Sample Preparation: CES was performed using the Roche HyperCap Designed Share (DS) Inherited Disease Panel kit covering 4125 genes, while WES was executed using the Roche Kapa Hyperexome kit. Samples were prepared following the respective kit protocols, which involved capturing exonic regions of interest using targeted probes.
Sequencing: The prepared CES and WES samples were sequenced on the MGI sequencing platform, DNBSEQ-G400. This process generated raw sequencing data in the form of short reads, representing the DNA fragments.
Variant Classification and Analysis: The raw sequencing data (FASTQ files) were uploaded to the SEQ Platform developed by Genomize Inc. The reads were aligned to the human reference genome GRCh37 using the Burrows-Wheeler Aligner [8]. Variant calling was performed using FreeBayes [9]., followed by additional steps such as PCR deduplication and in-del realignment using Genomize’s proprietary algorithms. Identified variants were annotated using VEP v102 [10] to provide functional annotations. ACMG pathogenicity classification was conducted using Genomize’s proprietary algorithm based on the guideline published by Richards et al. [11].

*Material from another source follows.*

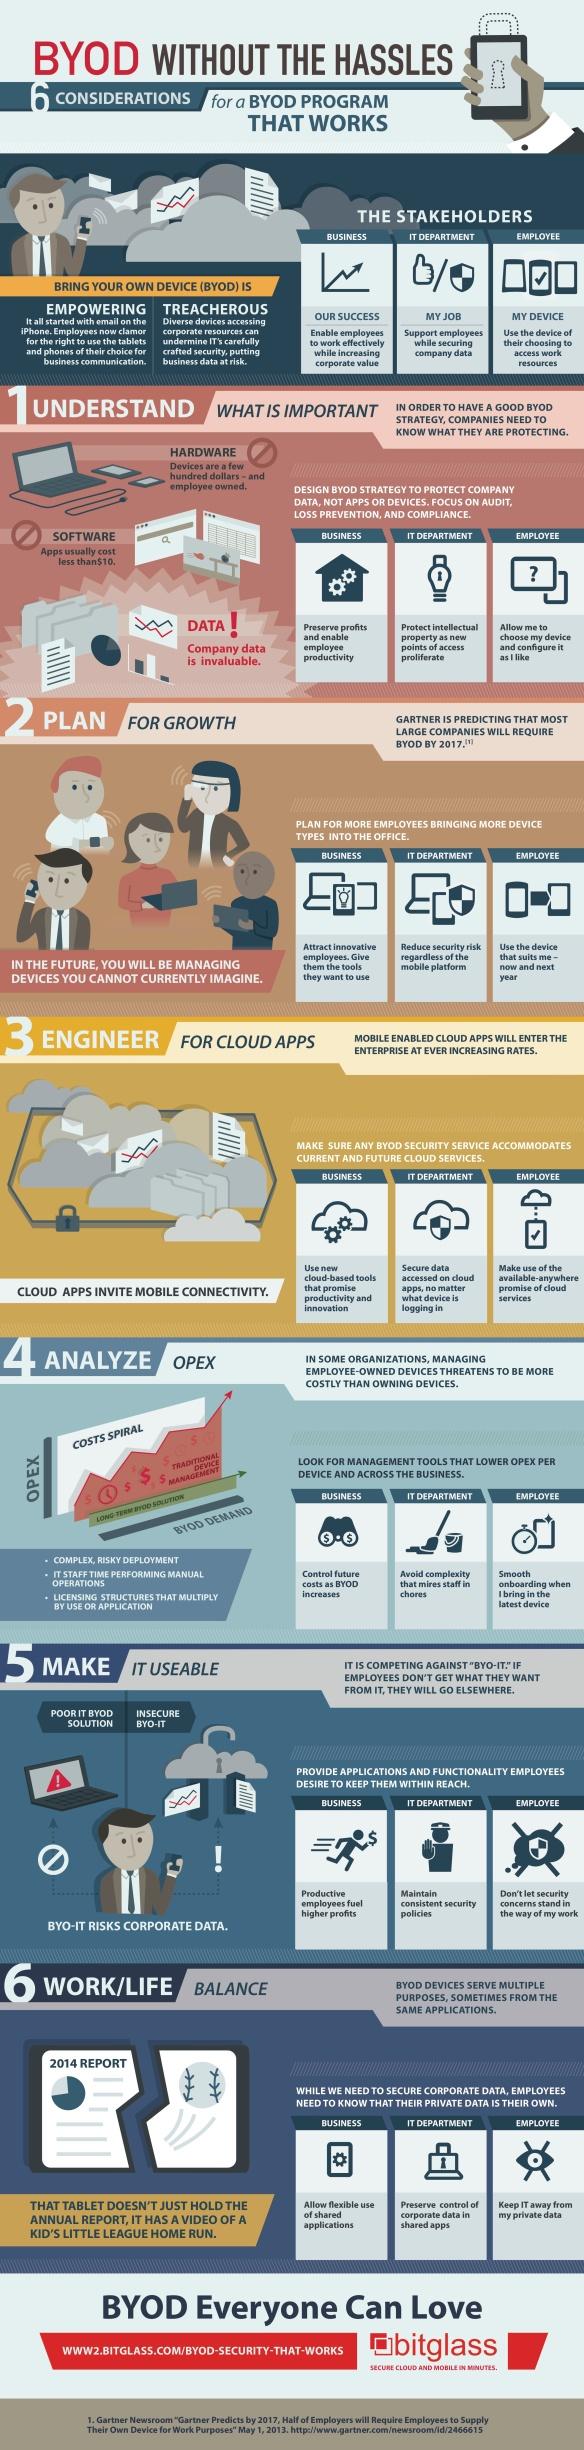 Bitglass_BYOD_6considerations-Infograph_FNL

Copy Number Variation Analysis: CNV analysis was performed using the GATK-gCNV tool, part of the Genome Analysis Toolkit (GATK), version 4.1.8.1. GATK-gCNV utilizes a Bayesian algorithm designed to detect rare CNVs from whole-exome sequencing (WES) data by analyzing sequencing read-depth information. Data Preparation and Preprocessing: Binning was disabled, and all intervals targeted by the whole exome and clinical exome were padded by 250 base pairs (bps). Initially, genomic regions were filtered based on GC content, mappability, and segmental duplication content. Regions with a GC content below 0.1 or above 0.9 were excluded to mitigate GC bias. Additionally, regions with a mappability score below 0.9 or above 1.0 were filtered out to ensure high confidence in read alignment. Genomic intervals with segmental duplication content above 0.5 were excluded to avoid potential false positives. Subsequently, intervals with fewer than 10 read counts in more than 50% of the cohort were filtered out. Extreme read counts falling within the 1st percentile (minimum) and 99th percentile (maximum) across 90% of the cohort were also excluded from further analysis. CNV Filtering and Evaluation: The detected CNVs were first filtered based on their frequency within the same NGS run. CNVs that were observed in multiple patients with different phenotypes were excluded from further analysis. These remaining CNVs were then evaluated using databases such as DGV, ClinVar, and OMIM to assess their pathogenicity. Following this process, pathogenic, likely pathogenic, and variants of uncertain significance that were considered to explain the patient’s clinical findings were reviewed for read depth in IGV (Integrative Genomics Viewer). For clinically relevant CNVs, IGV was used to validate the findings. In cases of homozygous deletions, IGV displayed no reads in the affected region, while in heterozygous deletions, SNPs within the region appeared as homozygous.
Results
The exome sequencing-based CNV analysis yielded an overall diagnostic yield of 2.67% (12/449) in our study. The patients enrolled in the study presented with various indications for genetic testing, including cardiomyopathy, lactic acidosis, spastic paraplegia, neuronal ceroid lipofuscinosis, epidermolysis bullosa, unidentified vision loss with deafness, and preliminary diagnoses of Kabuki, Bardet Biedl, Cornelia de Lange, and Ehlers Danlos syndromes. Clinical exome sequencing (CES) was performed for 5 patients, whole exome sequencing (WES) for 3 patients, and trio-WES for 4 patients. The NGS-based CNV analysis revealed 12 distinct CNVs that correlated with the patients’ clinical presentations. These included monoallelic deletions in the KMT2D, EIF5A, and LAMP2 genes, as well as biallelic deletions in the ZFYVE26, AP4S1, PPT1, PDHX, BBS9, COL7A1, and RPGRIP1 genes. Furthermore, a monoallelic duplication was identified in the HDAC8 gene, and a biallelic duplication was observed in the PLOD1 gene. Biallelic deletions were seen in the Integrative Genomics Viewer (IGV). Figure 1A, B, C and D display coverage images from some the patients with homozygous deletions alongside controls, as visualized in the IGV.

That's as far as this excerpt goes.